Accuracy varies by vendor, region, industry, and how recently a record was verified. Rather than taking any vendor’s claims at face value, look for transparency around their data sourcing methodology, verification process, and refresh cadence. Third-party review platforms like G2 and Gartner Peer Insights can also surface real user feedback on data quality within your specific target markets.
Is 6sense worth the cost for smaller teams?
It depends on your motion. 6sense’s predictive intelligence and ABM orchestration capabilities pay off most for teams with a defined ICP, longer sales cycles, and complex buying committees. Smaller teams running a high-volume, transactional model may find better value starting with a lighter weight tool and scaling into a full revenue intelligence platform as their GTM motion matures.
Can sales intelligence platforms integrate with my existing CRM?
Yes.
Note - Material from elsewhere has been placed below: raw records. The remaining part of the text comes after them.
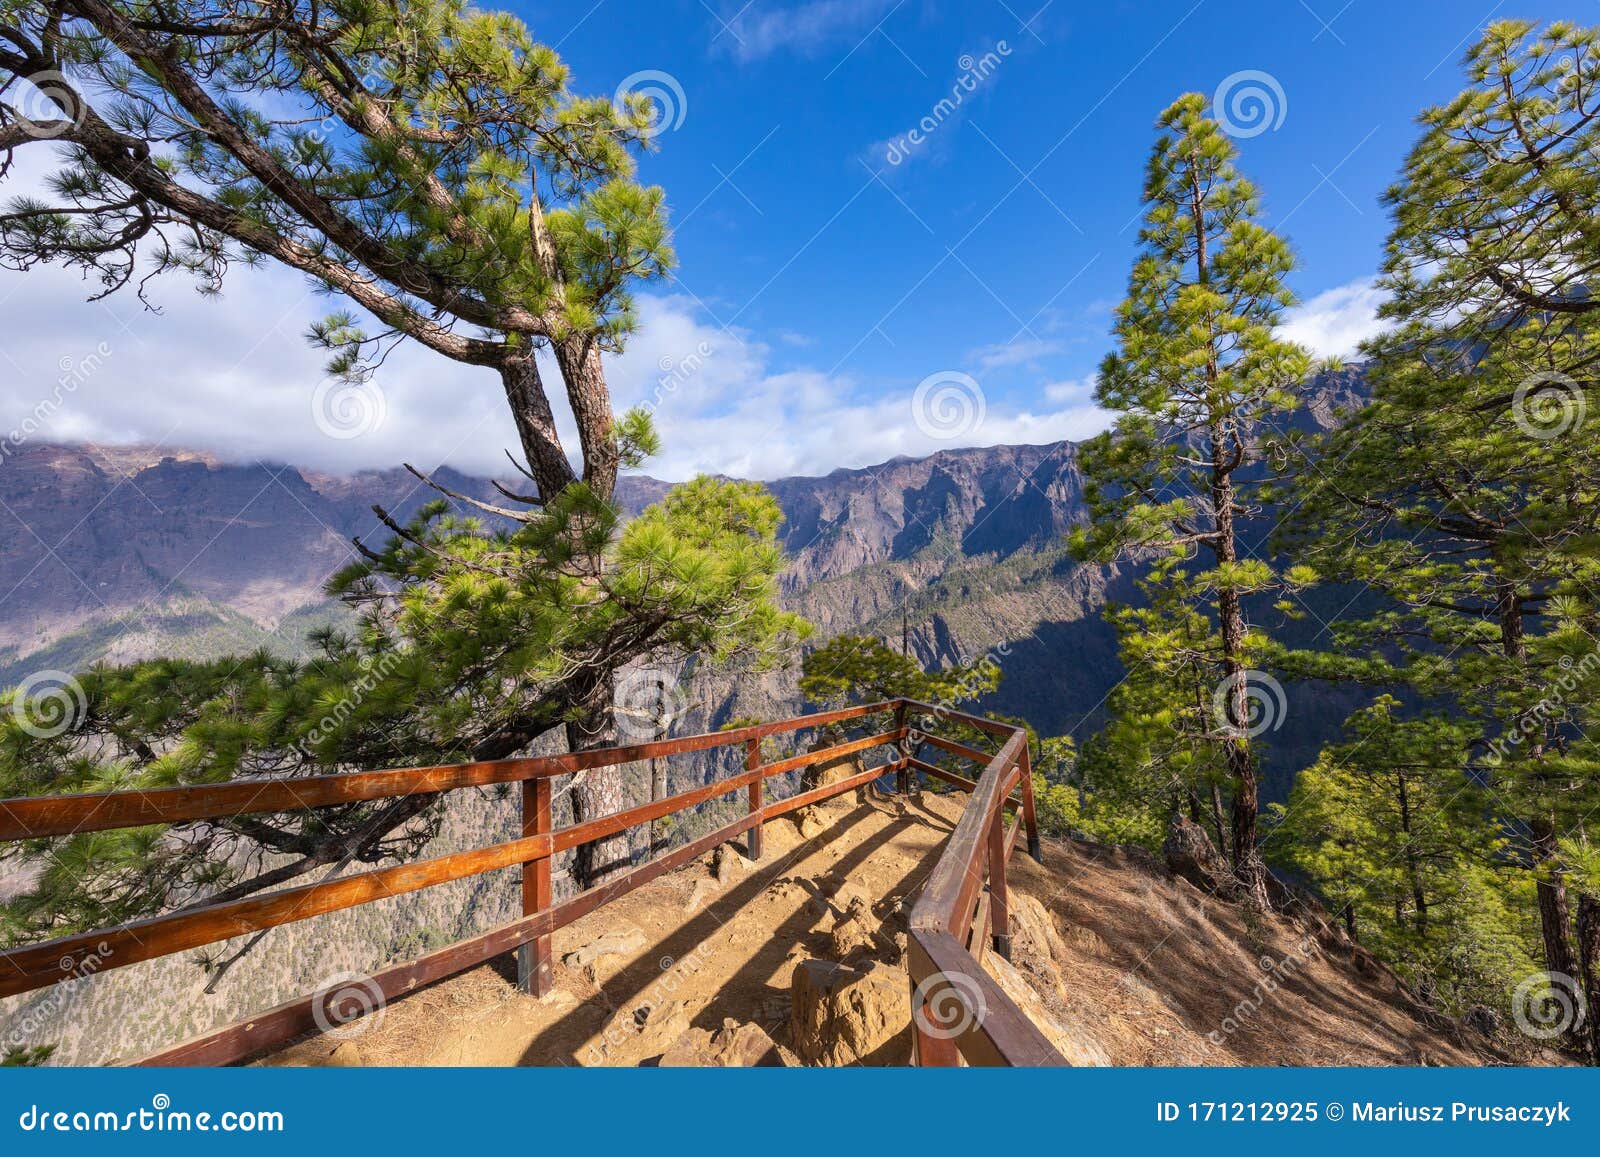 pine forest at caldera de taburiente national park. viewpoint la cumbrecita, la palma, canary island, spain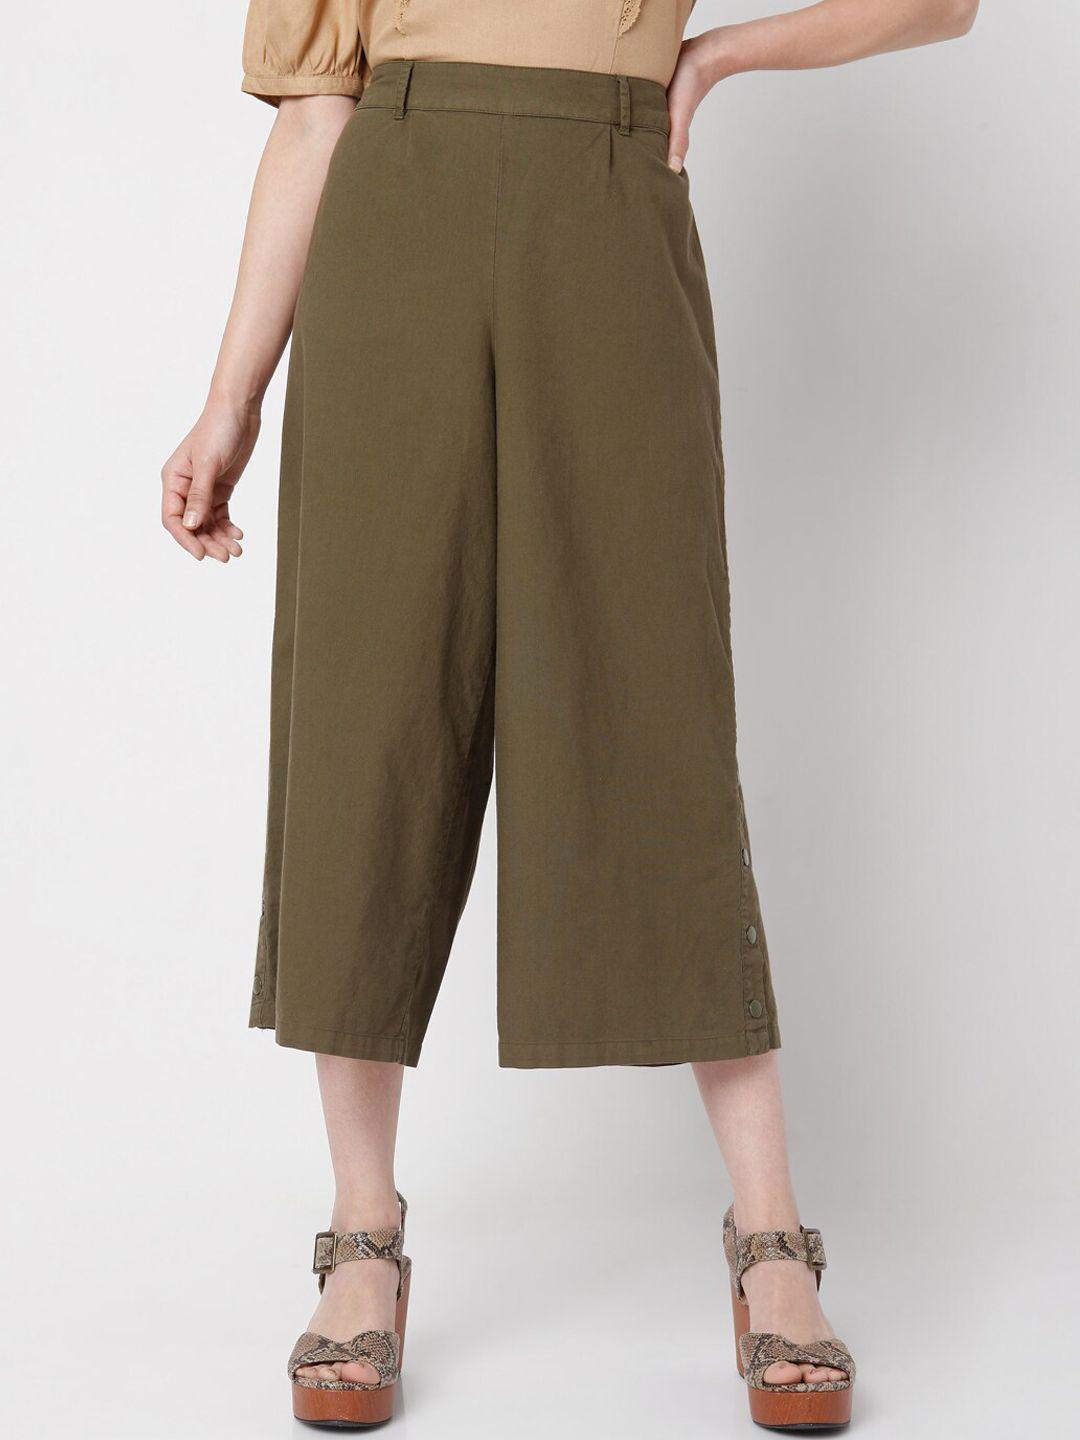 Vero Moda Women Olive Green Flared High-Rise Culottes Trousers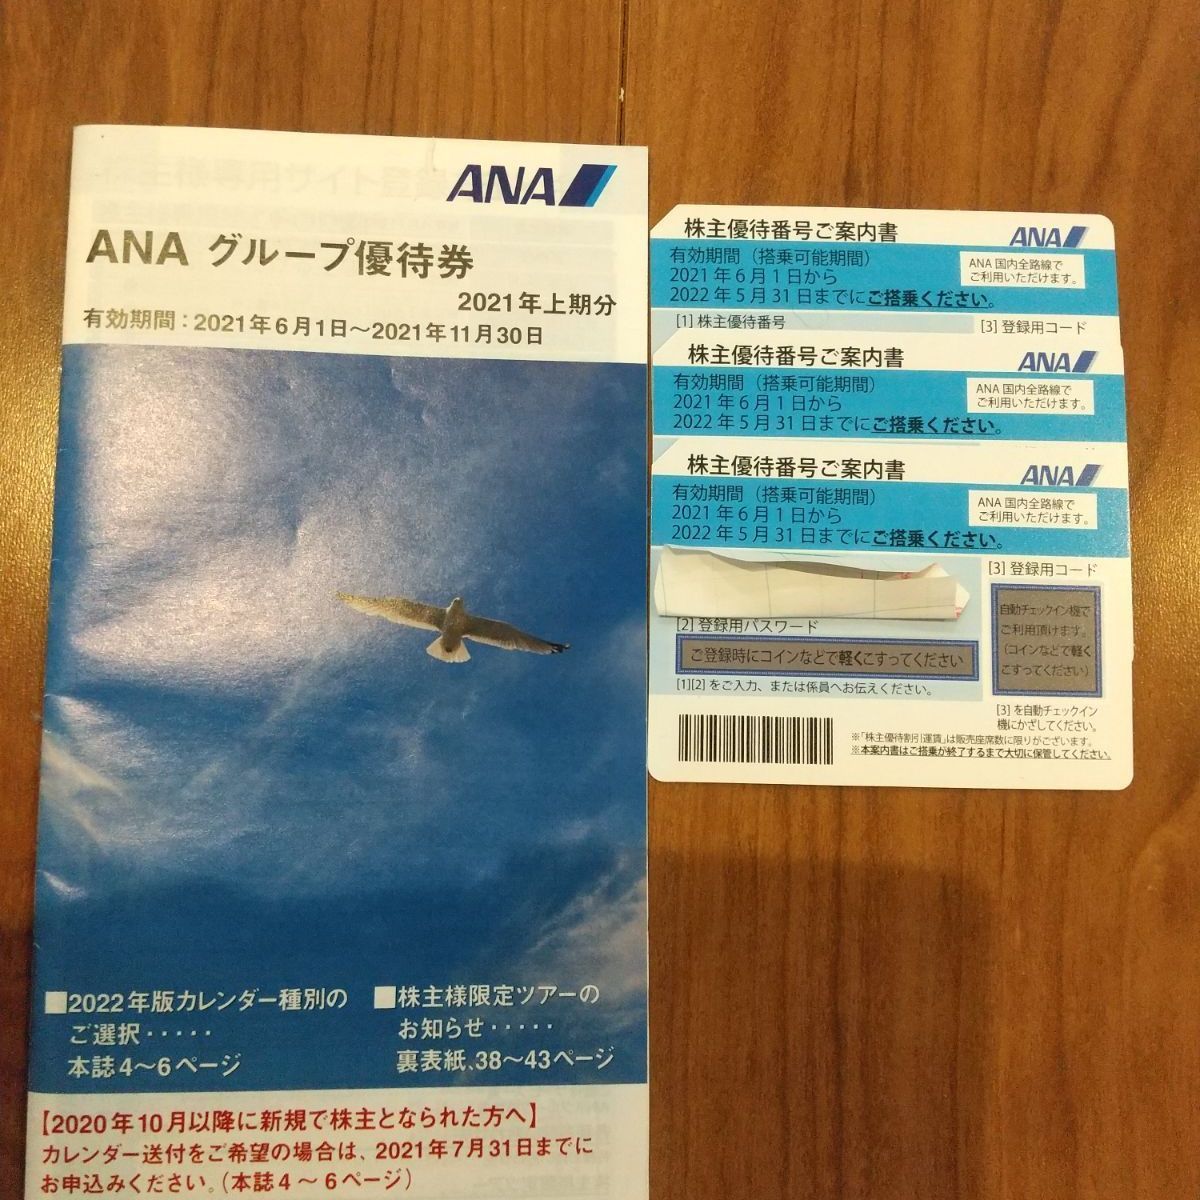 ANA株主優待券3枚 - ウシショップ - メルカリ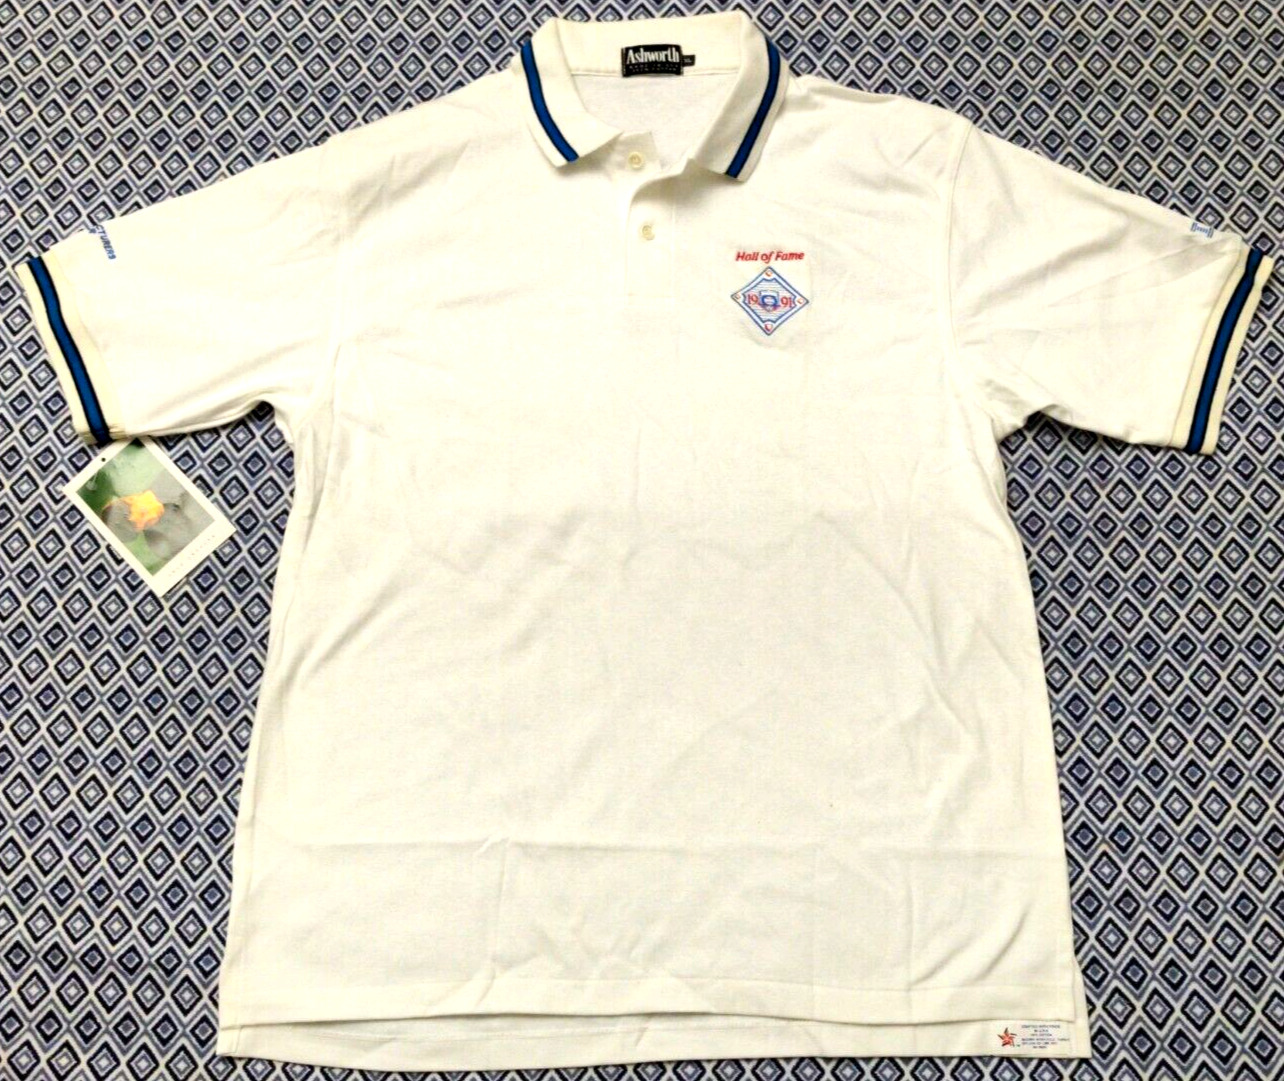 Vtg NEW Ashworth polo shirt  1991 Hall of Fame Size XL  IBM Manufactures Hanover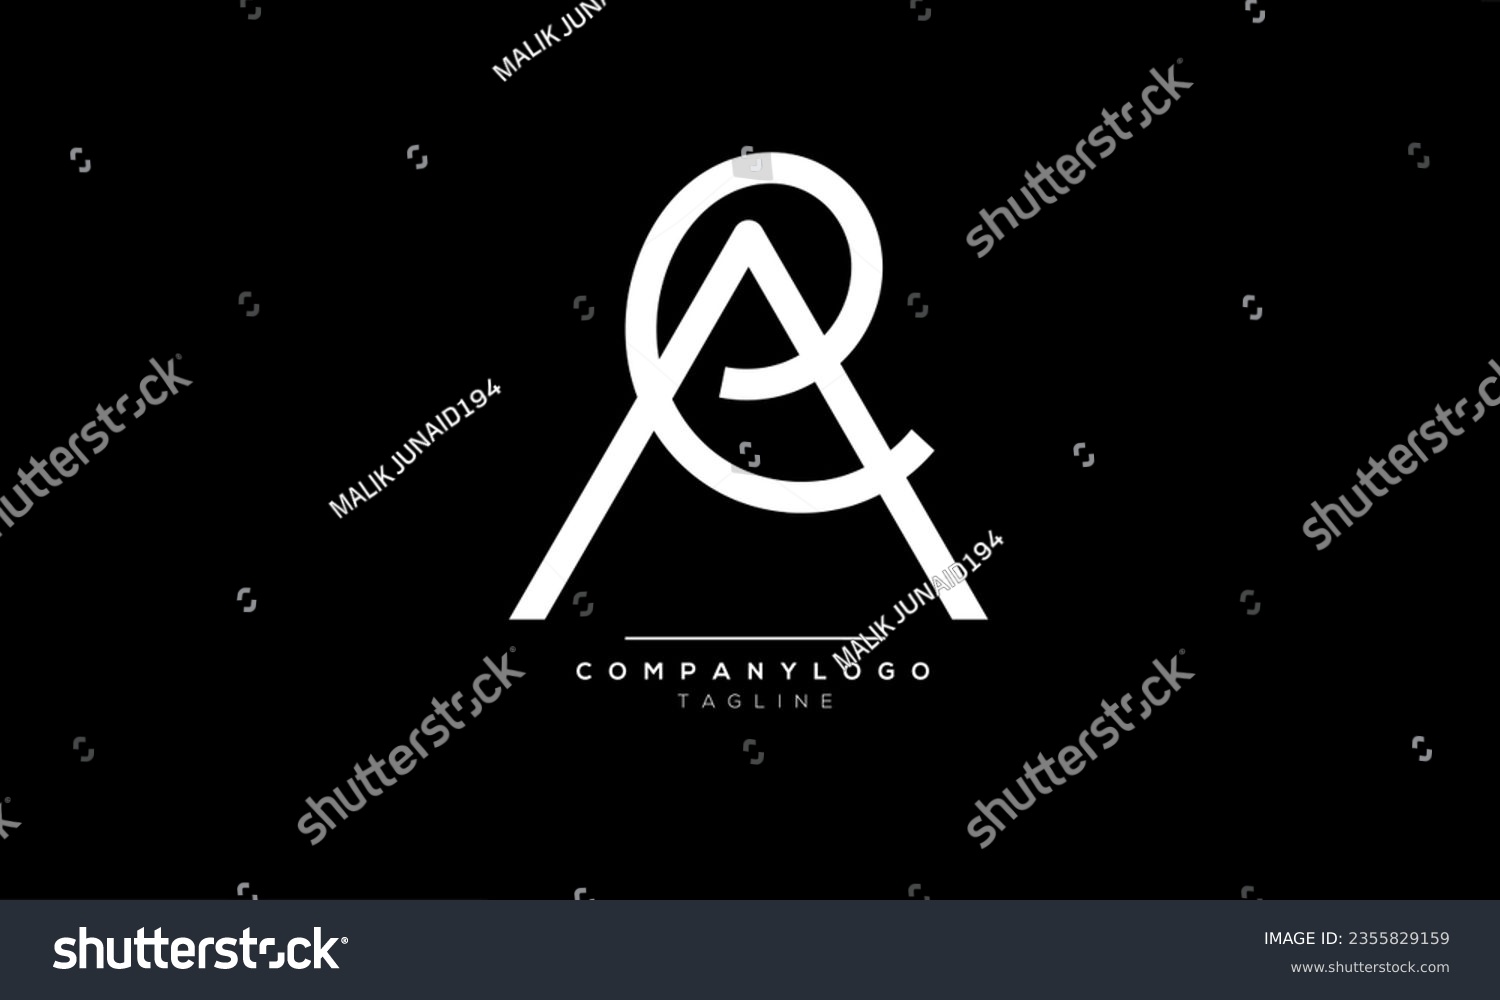 SVG of Alphabet letters Initials Monogram logo AE, AE INITIAL, AE letter svg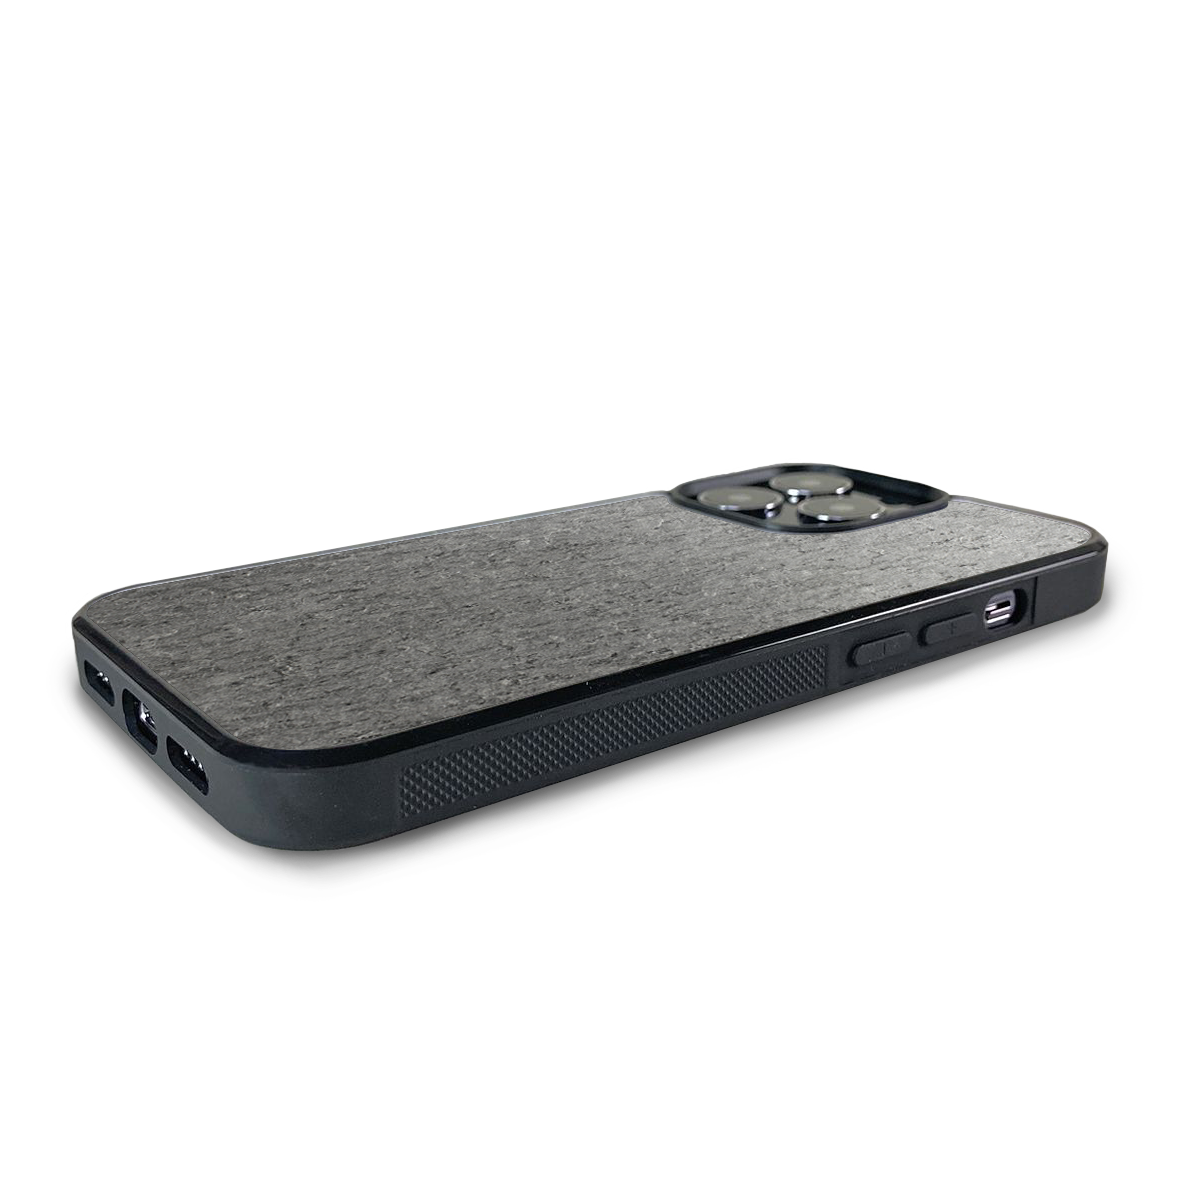 iPhone 14 Pro —  Stone Explorer Black Case

Most leading platforms offer native or API-based integrations with major CRMs like Salesforce and HubSpot. That said, integration depth varies considerably. Before purchasing, confirm that the integration supports bidirectional sync, maps correctly to your existing data model, and can trigger the workflows your team depends on.
What is the difference between a sales intelligence platform and a sales engagement platform?
Sales intelligence platforms focus on data enrichment and buyer insight: who to target, when they’re likely in-market, and what context to bring to the conversation. Sales engagement platforms manage outreach execution, including email sequencing, call automation, and task management. Many teams use both together, and some platforms like Apollo.io blend elements of both into a single tool.
How important is GDPR compliance when choosing a sales intelligence tool?
For any company targeting buyers in the EU, it’s non-negotiable. GDPR governs how personal data is collected, stored, and used, and violations carry significant financial penalties. Evaluate each vendor’s data sourcing practices, consent mechanisms, and compliance documentation carefully. A vendor promoting that they’re GDPR compliant is not the same as auditable, documented processes. Loop in your legal team before signing anything.